**Exercise requirements:** Your task is to repeat the lines below exactly, excluding any pictures they contain.

**Data excerpt:**
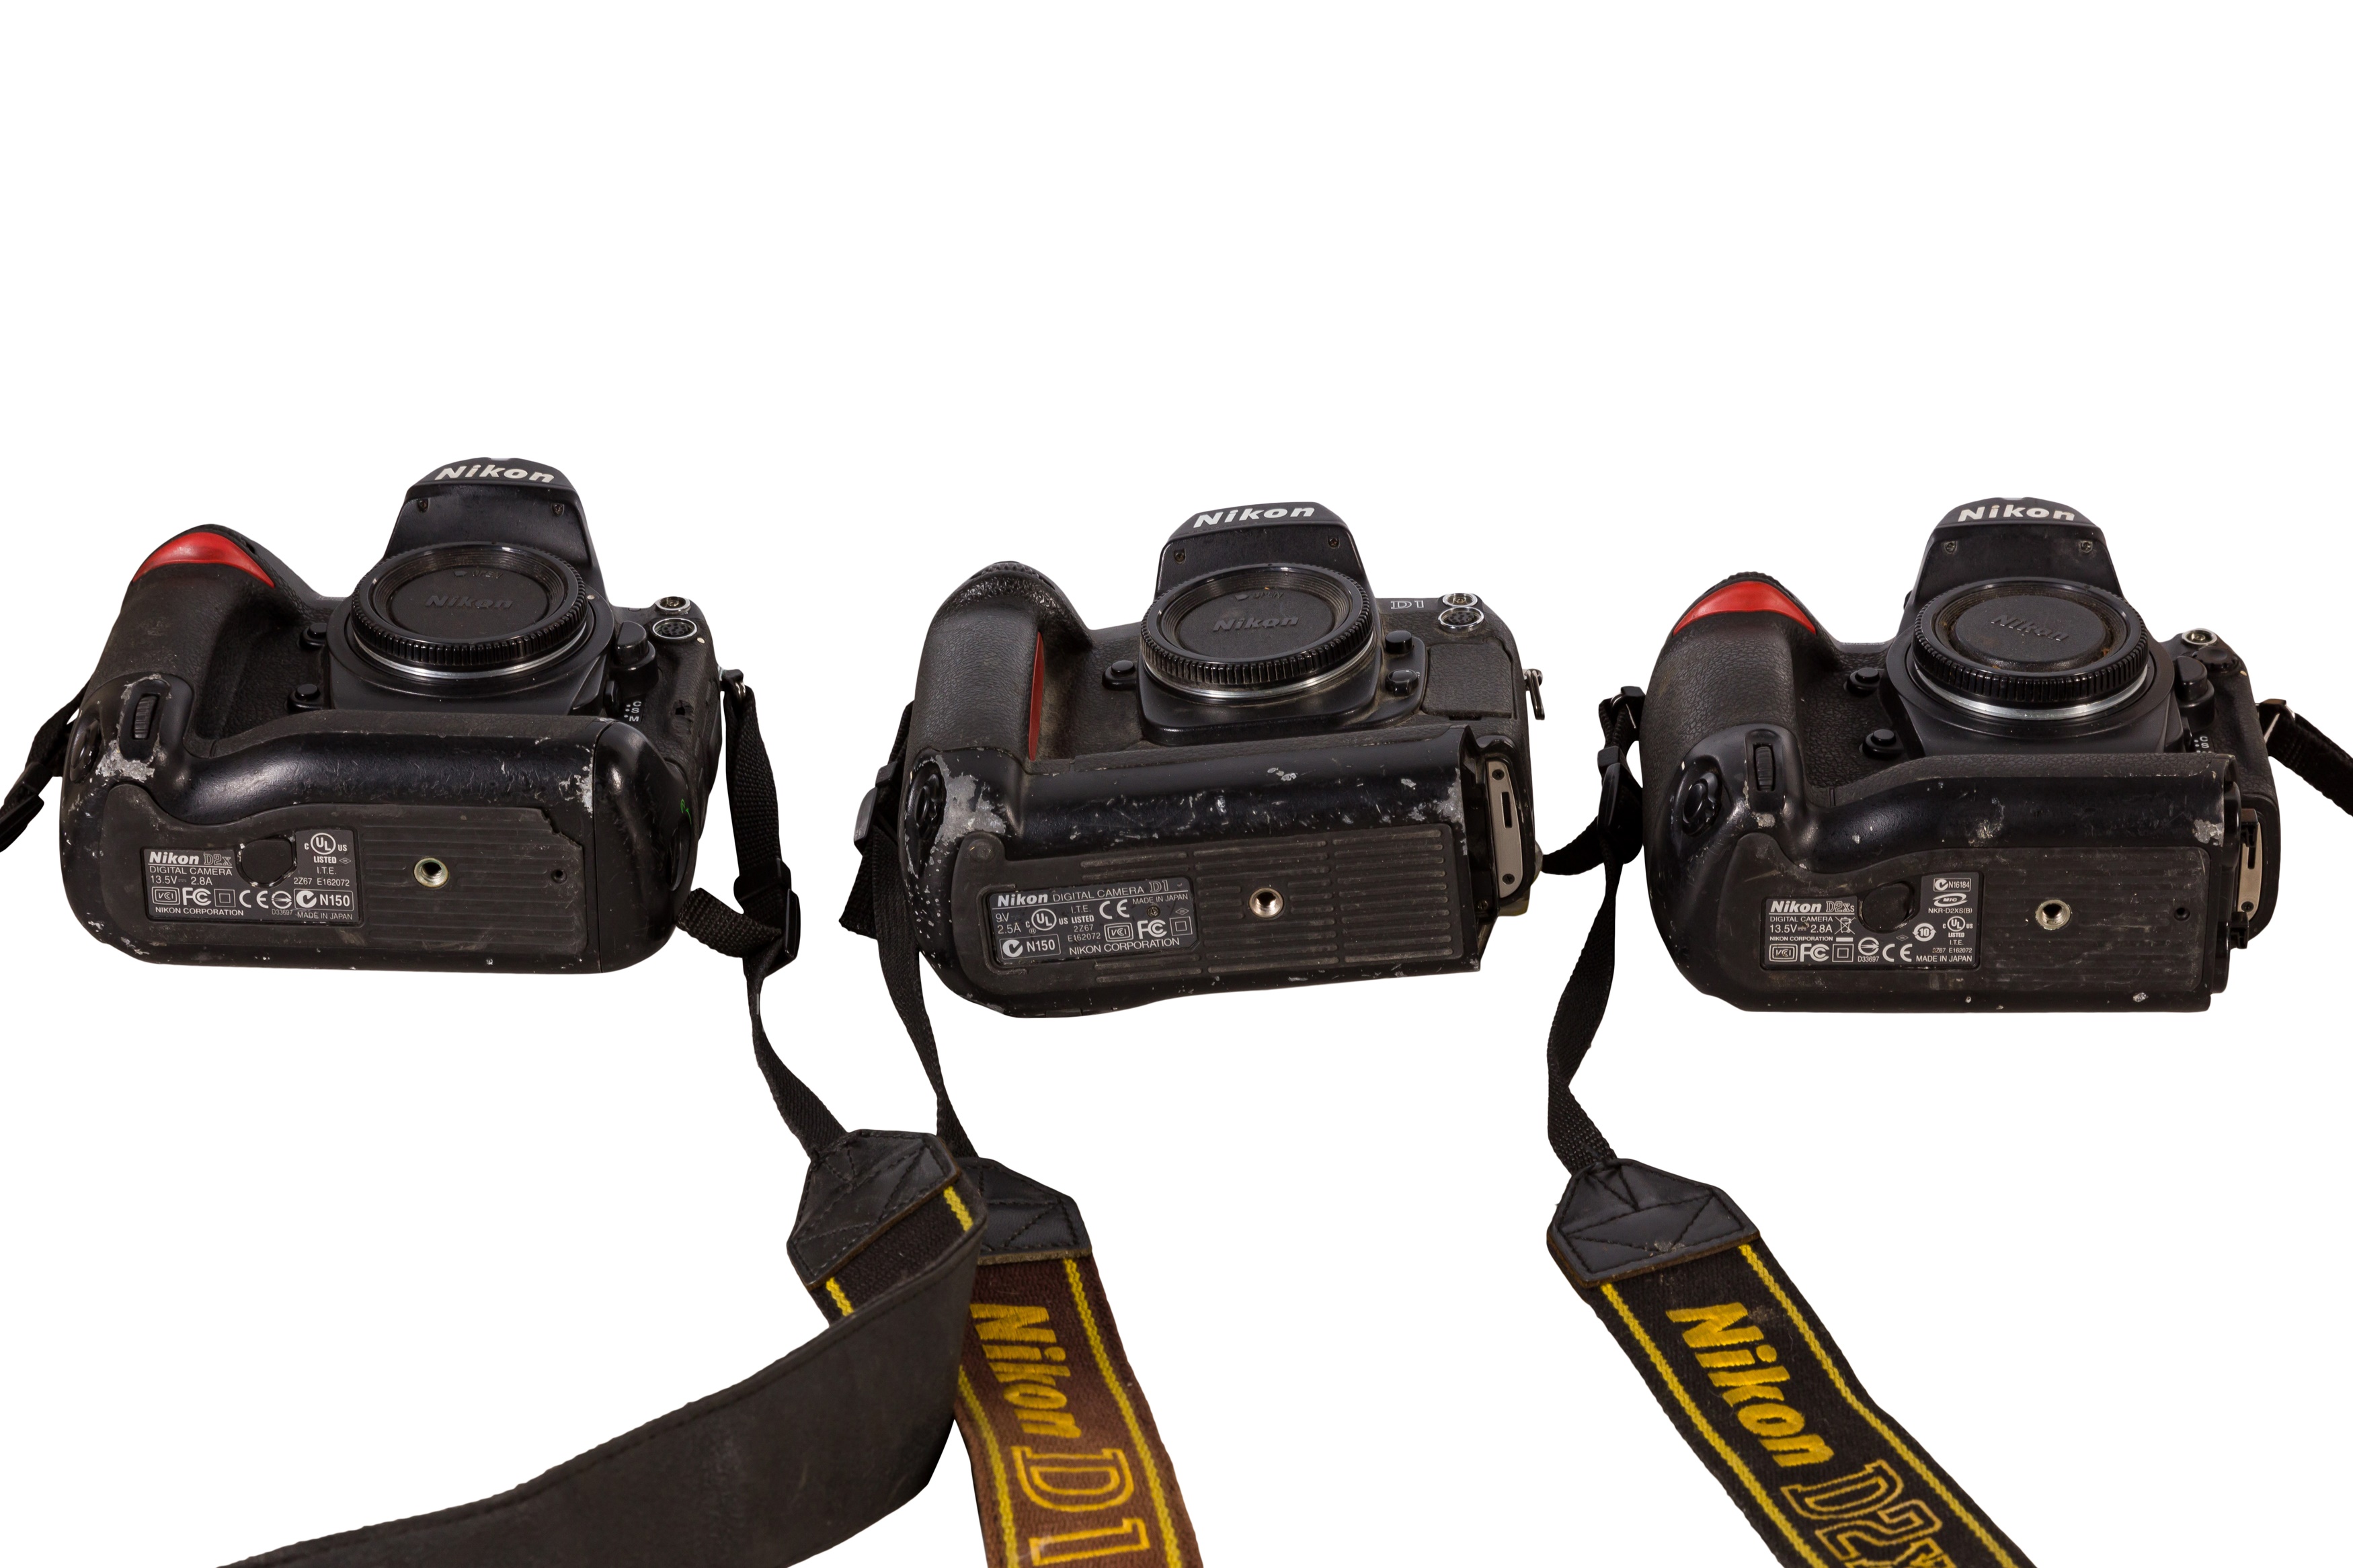 A Selection of Professional Nikon DSLR Cameras - Image 3 of 3
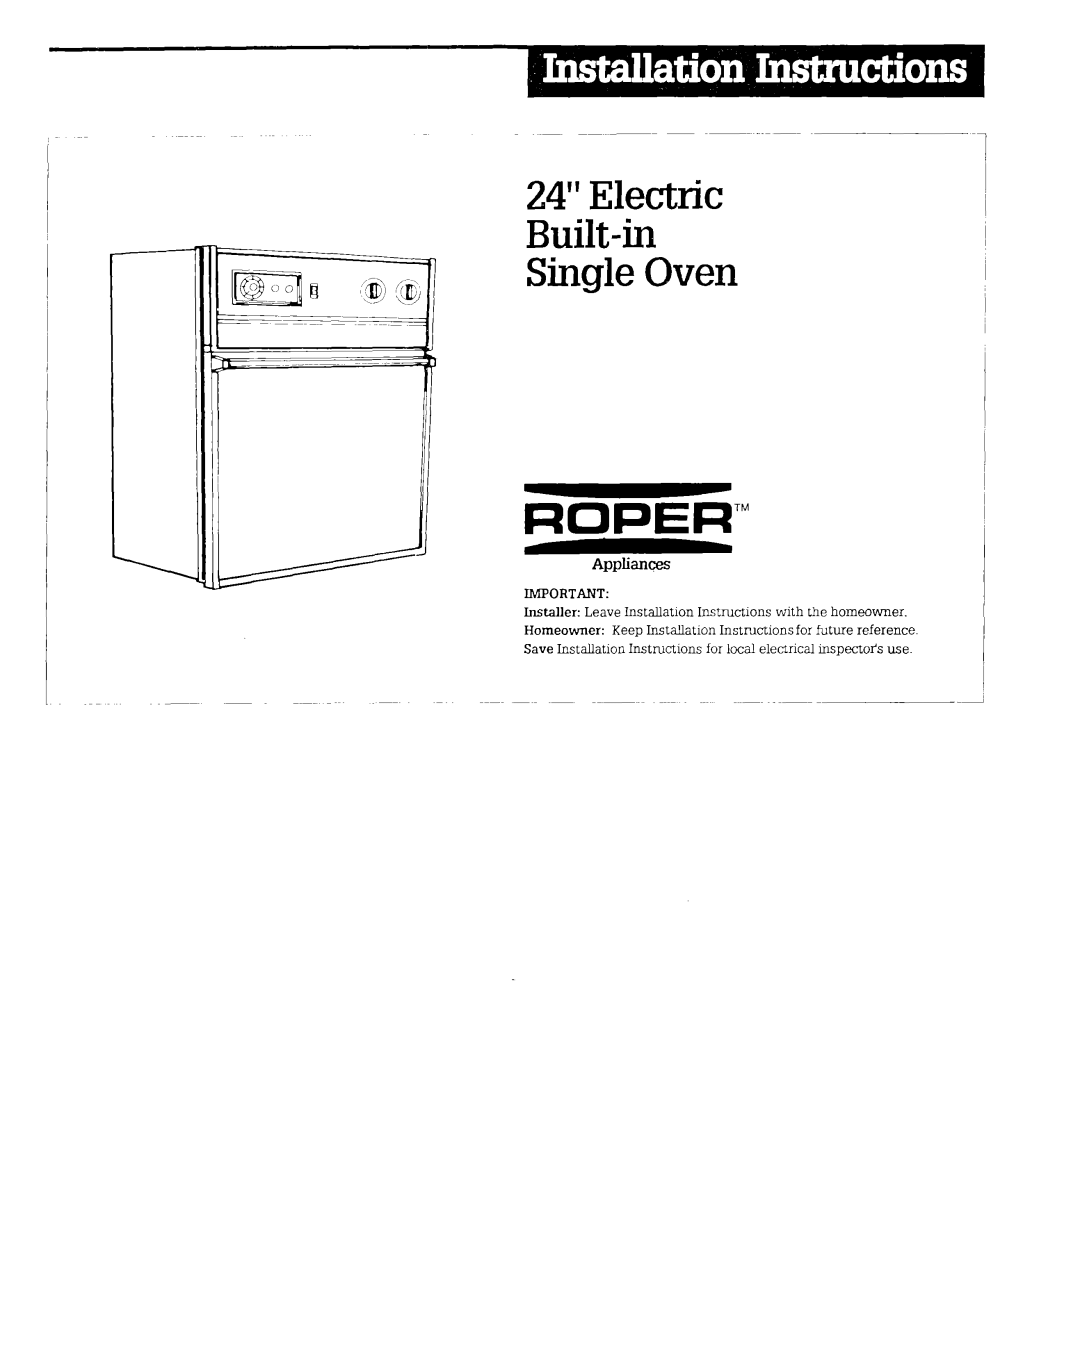 Roper Convection Oven installation instructions 24” Electric Built-inSingleOven ROPER’” T 
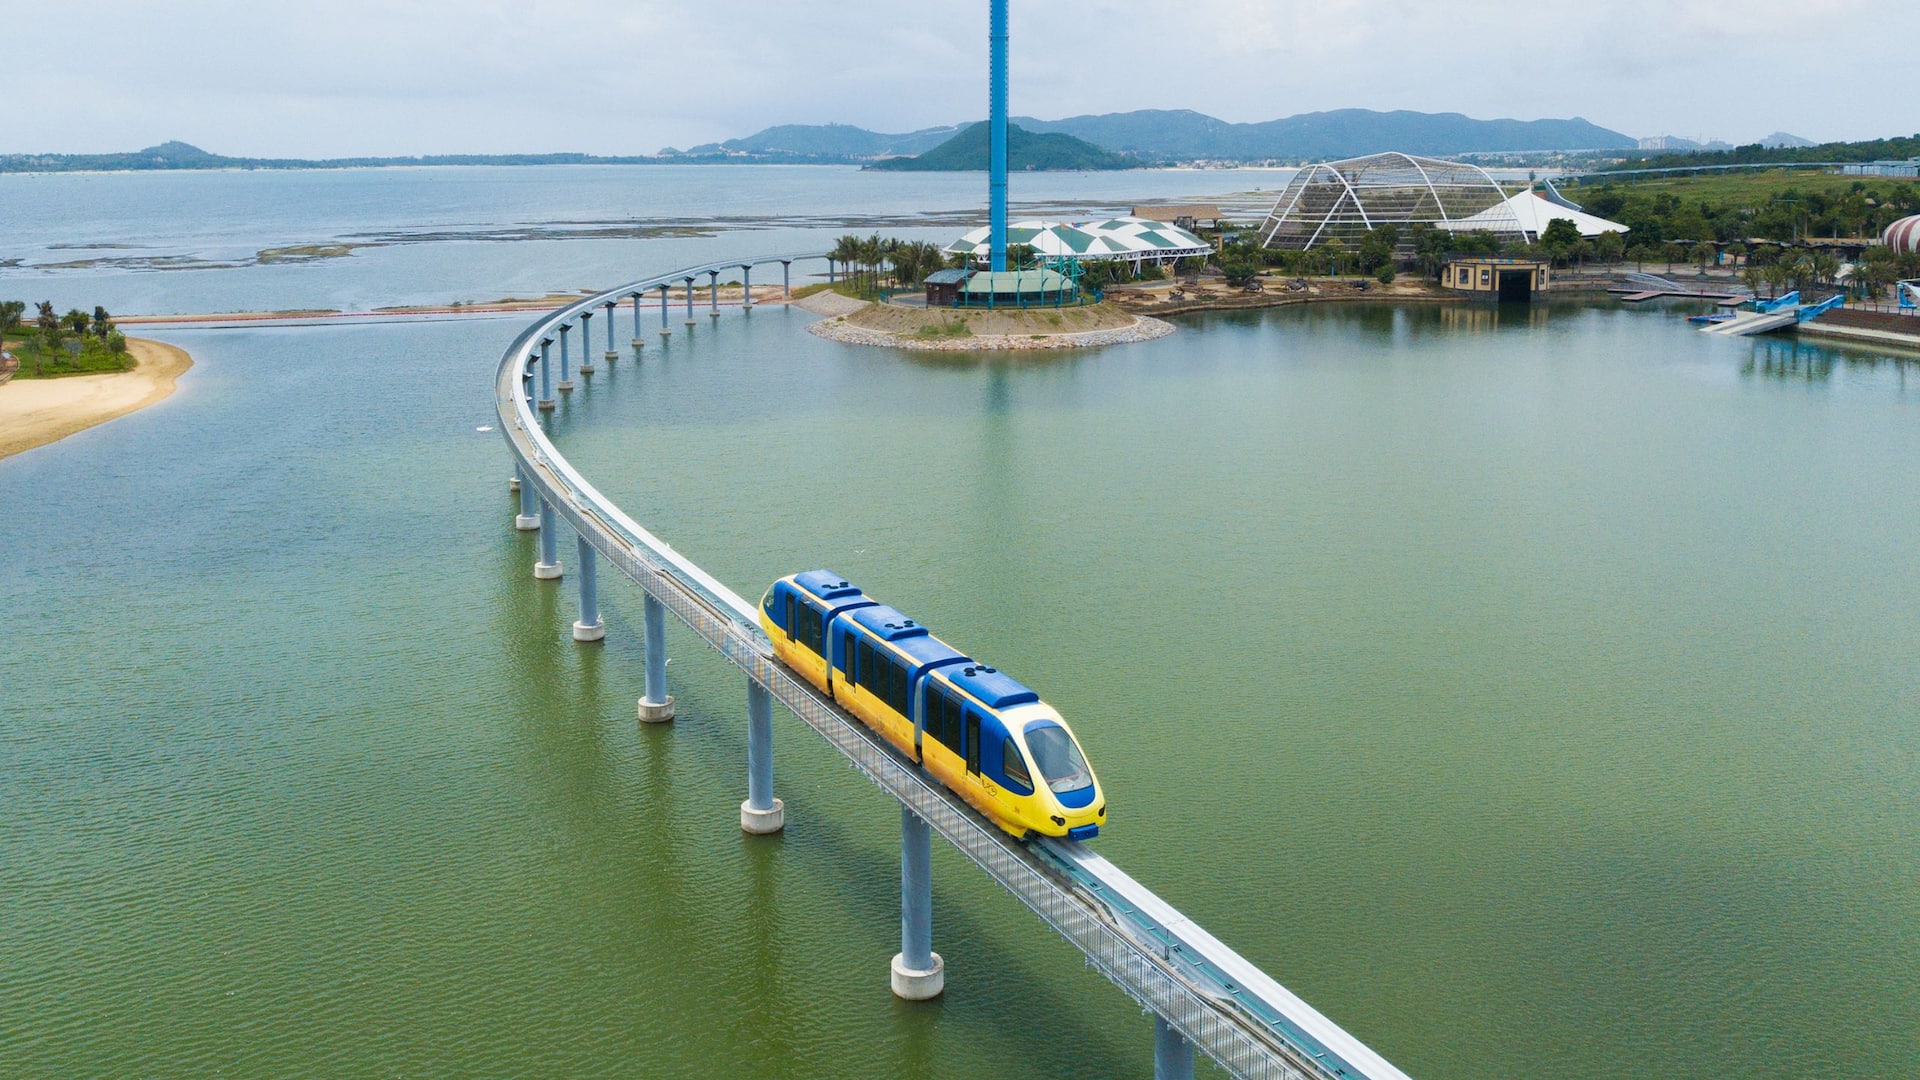 South China Train

**Written solution:**
 A Selection of Professional Nikon DSLR Cameras - Image 3 of 3
 Roper Convection Oven installation instructions 24” Electric Built-inSingleOven ROPER’” T 
 South China Train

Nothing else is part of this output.